監督/シルヴェスター・スタローン(2006・米)
コメディ路線の不調から、『クリフハンガー』でアクション映画に復帰。しかしその路線も『ドリヴン』を最後に終わってしまい、ジリ貧というと言葉は悪いですが、いまいちぱっとしない状態だったスタローンがまさかの復活を遂げたのが、この作品。その後『ランボー/最後の戦場』、現在公開中の『エクスペンダブルズ』と続くのですから、世の中判らない。
映画としては正直、雑というか、乱暴な出来。それは『ランボー/最後の戦場』にしてもそうで、話らしい話がない。今はひっそりと生きている男が復活するために必要な、最低限のドラマがあるだけで、それ以外は必要ではない、と言いたげ。勝手な想像ですが、自分のキャリアがそろそろ終わるかもしれない、とすればその前に、自分の分身ともいえるキャラクターたちにちゃんとした結末を迎えさせたい、という気持ちがあったんではないかと思います。勿論、もう一発当てたい!というぎらついたものもあったでしょうが。なので、これまでのシリーズを観てきていることが前提となるので、今更くどくどと説明する気になれないというのも道理。自分のためであり、今まで支えてくれた観客への別れの挨拶なのですから。しかし、決して静かに退場はしない。ドカンとぶちかまして終わるところが、スターの心意気であり、自信であり自負なのだと思いました。
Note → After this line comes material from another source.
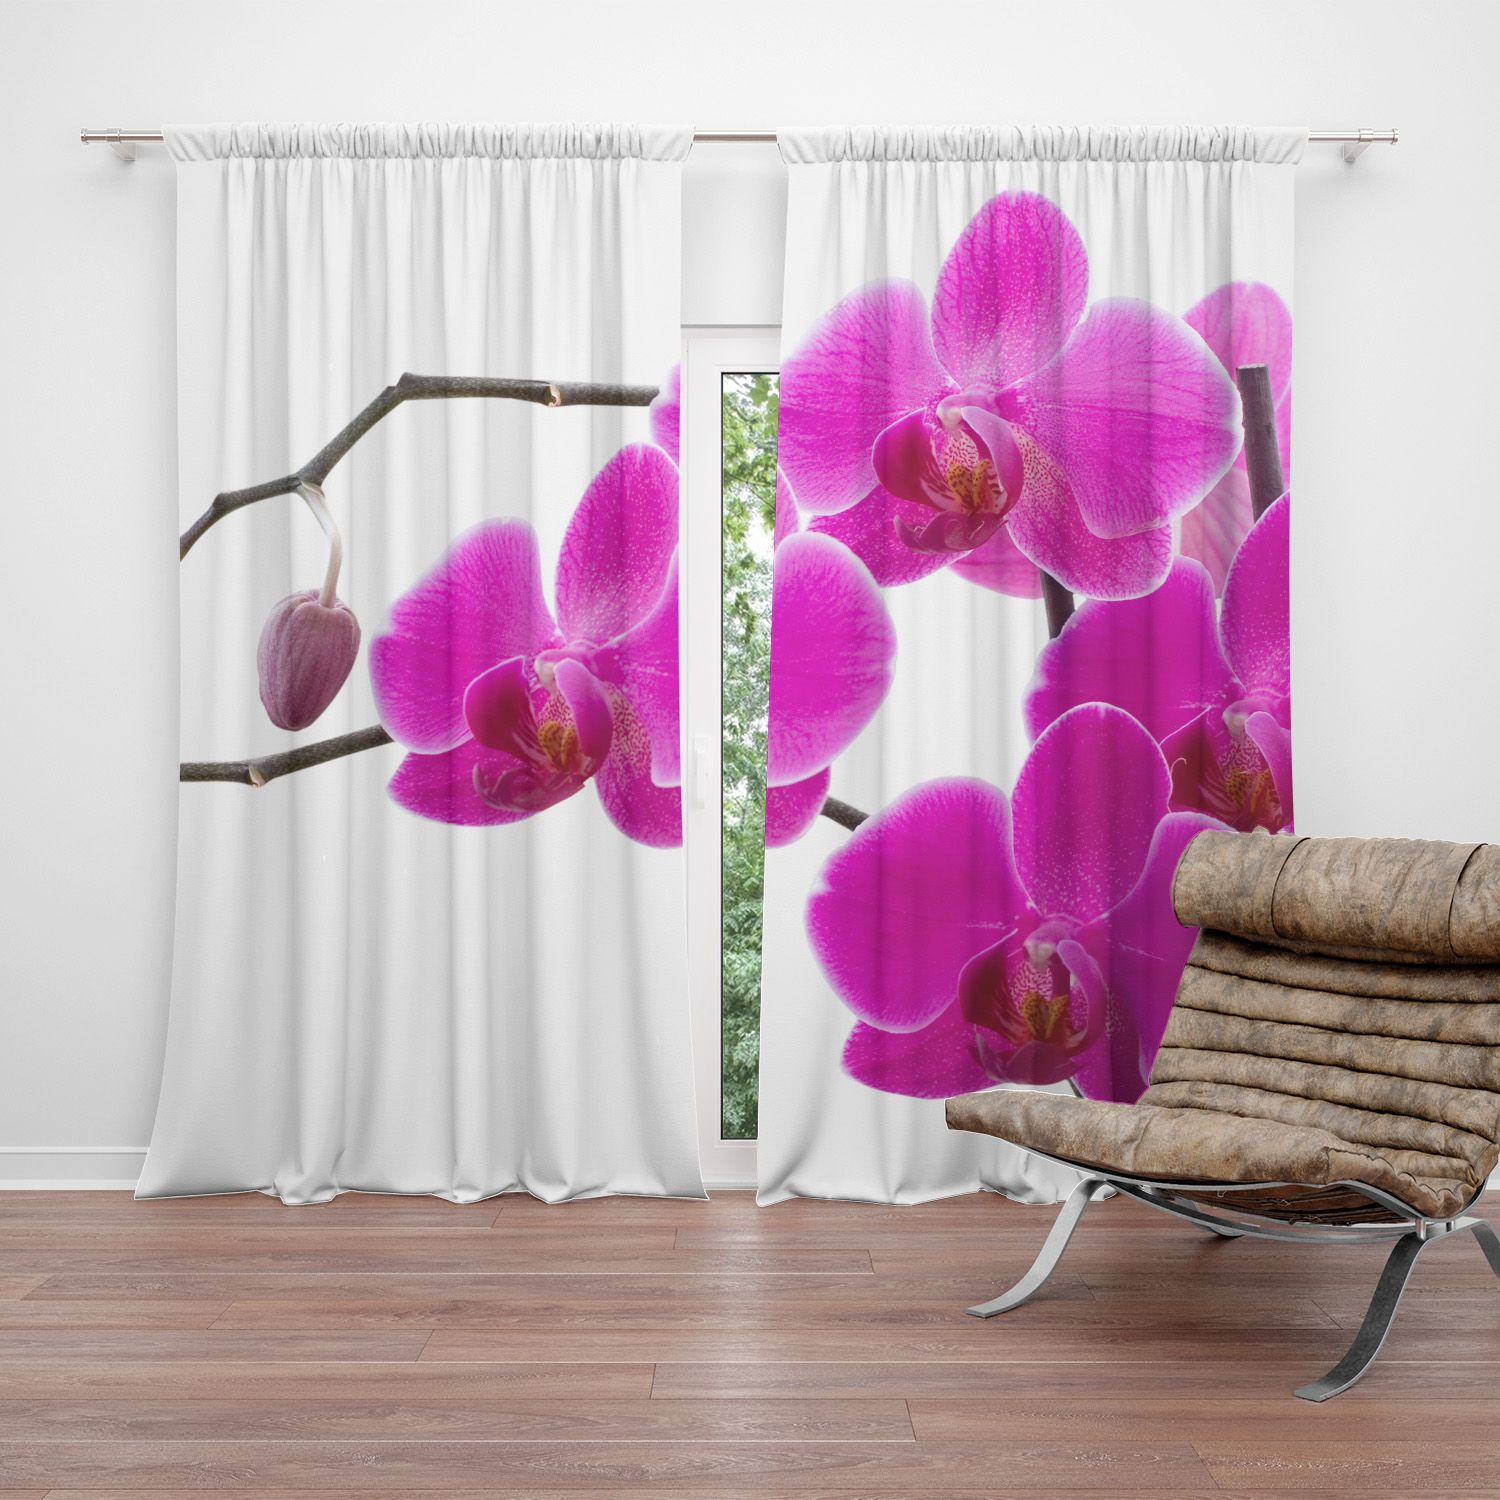 Závěs SABLIO - Fialové orchideje 2ks 150x250cm - E-shop Sablo s.r.o.
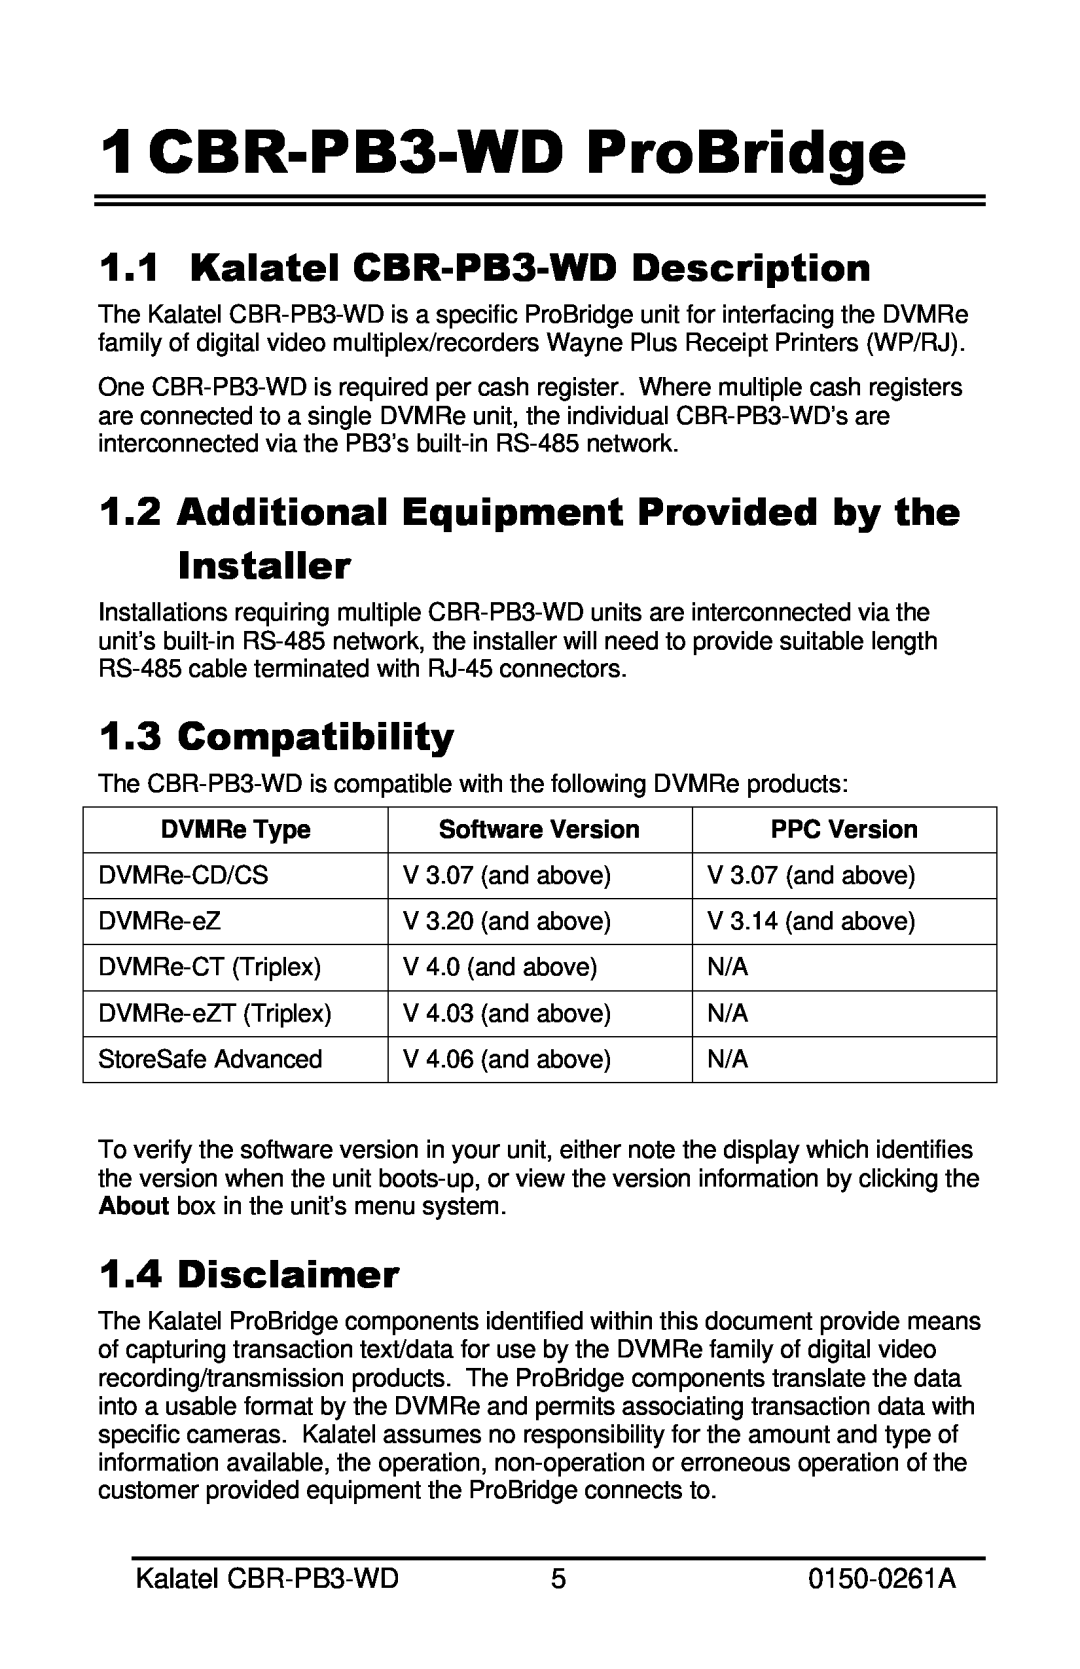 GE CBR-PB3-WD ProBridge, Kalatel CBR-PB3-WD Description, Additional Equipment Provided by the Installer, Compatibility

観ていて思ったのは、スタローンはロッキーを死なせたかったんじゃないか、ということです。あれ、と思ったのは、エイドリアンの命日に思い出の場所を回る中でのスケート場跡。そのシークエンスが終わるとき、画面に背を向けて歩くスタローンの正面から、車のヘッドライトがまぶしいくらいにあたっている場面。まるで天に召されていくようではないかと。同時に、画面の左手に消えるポーリー(バート・ヤング)がスローモーションになっていることに気付きます。そのあと、息子とレストラン前で話す場面でも、息子が画面から出ていくときにスローになります。映画のリズム、というのもあるでしょうが、夢のような、退場する人間がスローになる瞬間が、この世とあの世の境のように見えました。ラストの試合のあと、会場を後にするスタローンの手のアップも、その瞬間にはスローになるのですが、退場=スローがこうして繰り返されるとやはりそこには意味があるのだろうと思います。場内の激しい照明も天国への道を照らすもののように感じられます。決定的なのは、ラストシーン。取ってつけたような、エイドリアンのお墓に花を添えるスタローンの姿。墓を去っていく彼が、ぼけた画面の奥でこちらを振り返る。そのまま丘の向こうに消えても良さそうなのに、そこで文字通りスタローンは消えてしまう。ふっと。死んだとは言わないし、そうでもないんでしょうが、スタローンの心情としてはそういうことなのだ、と私は取りました。死なせたかったけれど、死んでほしくはない、という、ロッキーというキャラクターに対する複雑な感情がそこに表れていると思います。ランボーがあっさりと故郷の牧場に帰ったことを思うと(あれはあれで非常に感動的だった)、ロッキーについては色々思うところがあったんだろうなあ。泣けました。